Steven Bosa was the first indigenous Ugandan African to train in psychiatry; he obtained his Conjoint DPM in 1960 after a period as a Clinical Assistant at the Maudsley Hospital. He had graduated in Medicine in 1946 from Makerere University College. He was elected a Foundation Member of the Royal College of Psychiatrists in 1971 and later a Fellow.?
I first met Steven in February 1966 when I arrived in Kampala to take up a position as the Foundation Professor of Psychiatry at the Medical School of the University of East Africa. Steven was the only other psychiatrist in Uganda at that time. He was responsible for an astonishing range of duties and services, which included the provision of mental health services to all of Uganda and its 12 million people; the assessment of all persons sent to the secure forensic unit based at Butabika (known as the Broadmoor Unit); the management and administration of the Nurses Training School, also based at Butabika, and also, until my arrival, he had provided clinical and theoretical teaching to the medical students of Makerere Medical School. In addition, he was the only and much respected advisor in matters of mental health to the Government of Uganda and its Ministry of Health.

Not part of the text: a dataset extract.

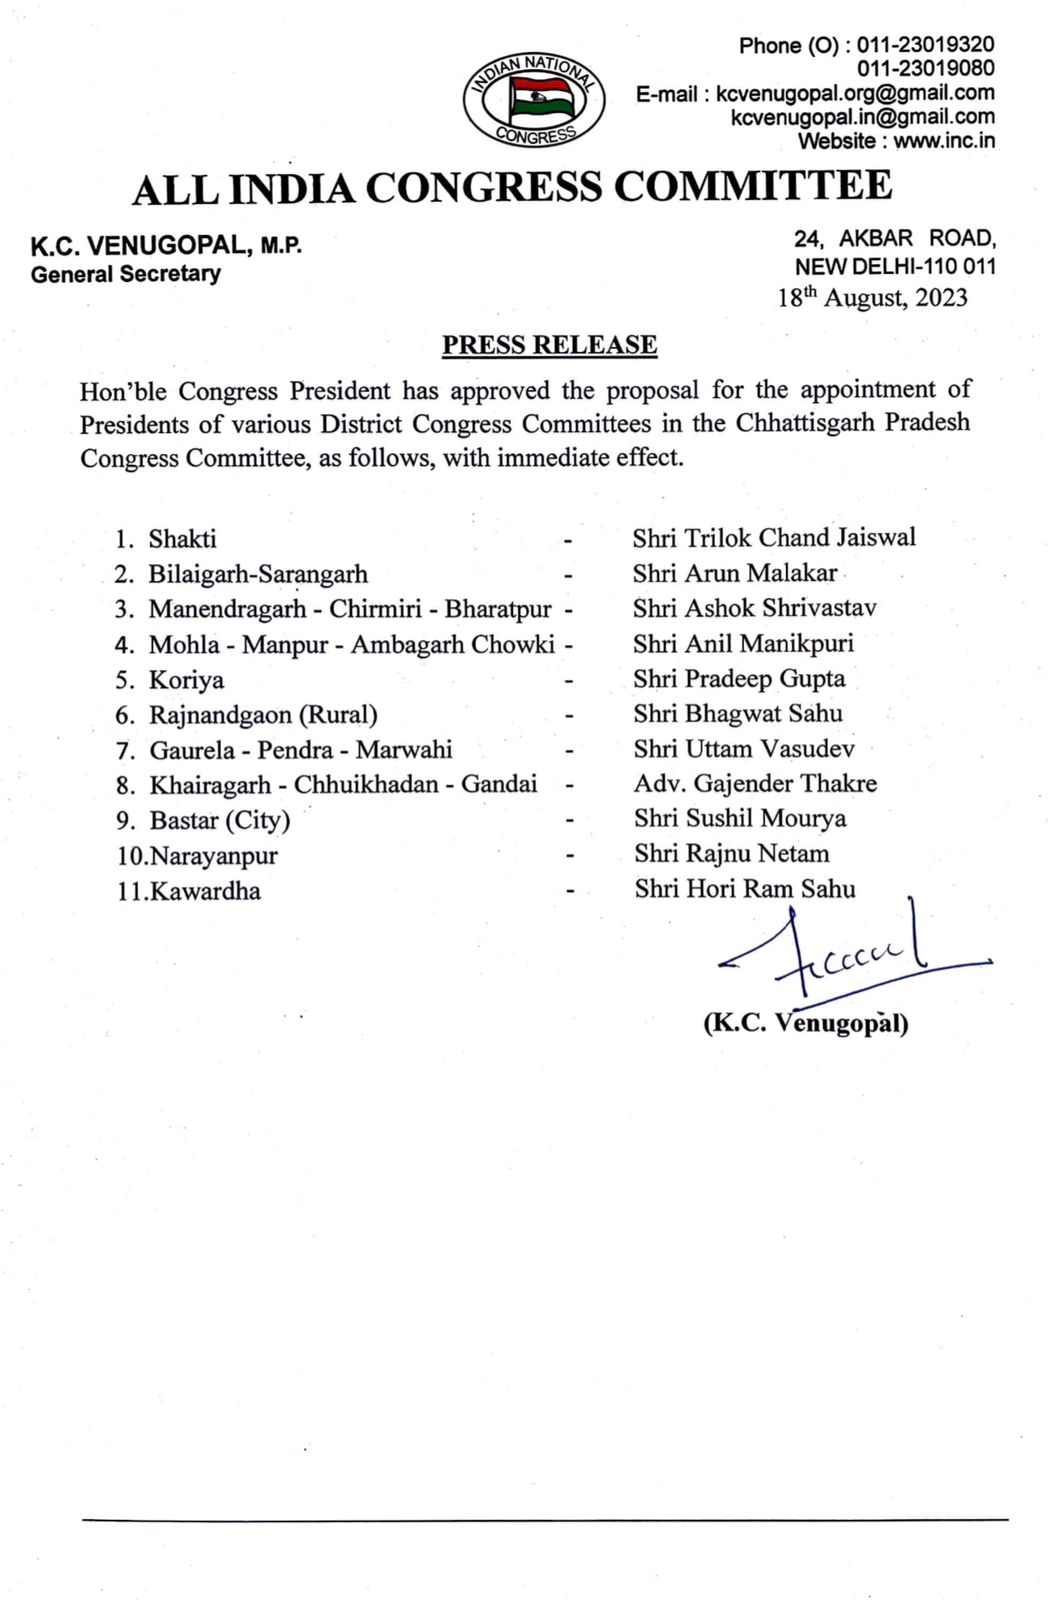 Appointment of 11 new district presidents in Chhattisgarh Congress, see list, Trilok Chand Jaiswal in Sakti, Ashok Srivastava in Manendragarh, Anil Manikpuri in Mohla-Manpur, Pradeep Gupta in Korea, Uttam Vasudev in Pendra-Marwahi, Gajendra Thackeray in Khairagarh, Narayanpur  Rajnu Netam Khabargali

He had fought hard and effectively for the establishment of a Chair in Psychiatry at Makerere. Until, as early as 1952, having been given the responsibility of finding a suitable site for a ‘modern mental hospital’ in Uganda, he not only identified the Butabika site, but secured this splendid piece of ground in the face of competition from developers and various other government ministries.
Physically he was a small, compact person, quick and agile in his movements, who expressed emotion with his whole body and facial expressions. He set and insisted on maintaining high standards in his clinical and administrative work and I soon became personally aware that when a visit from Dr Bosa was due at the Ministry of Health in Entebbe those expecting to see him were in no doubt that their performance or lack of it would not escape his sharp eye.
In the course of his lifelong preoccupation he started and sustained the Psychiatric Nurse Training School at Butabika Hospital, a concept which he introduced to the Government in 1960. When deserted by the flight of expatriates, psychiatrists and other mental health specialists in the face of a rampaging Idi Amin in 1972-1973 and 1974 he managed, in the face of all odds, to keep a central and rural service going by careful deployment of his devoted nursing personnel. Later, after his formal retirement in 1973, he managed to convince the Ministry of Health to set up a Psychiatric Clinical Officers Training School, again at Butabika, which saw its first intake during the turbulence of 1979 when the Amin regime was in a state of terminal collapse. These clinical officers are now responsible for running community-based mental health services in every corner of Uganda.
He suffered from a flying phobia throughout life. As a result he travelled only as far as he could by road. The exception, of course, was his emergence to train in the UK, an experience which he held dear, as if the Holy Grail of his achievements, talking often when frustrated of “going home to London”. But he never did.
He died in Kampala, Uganda in February 2000, at the age of approximately 80 years.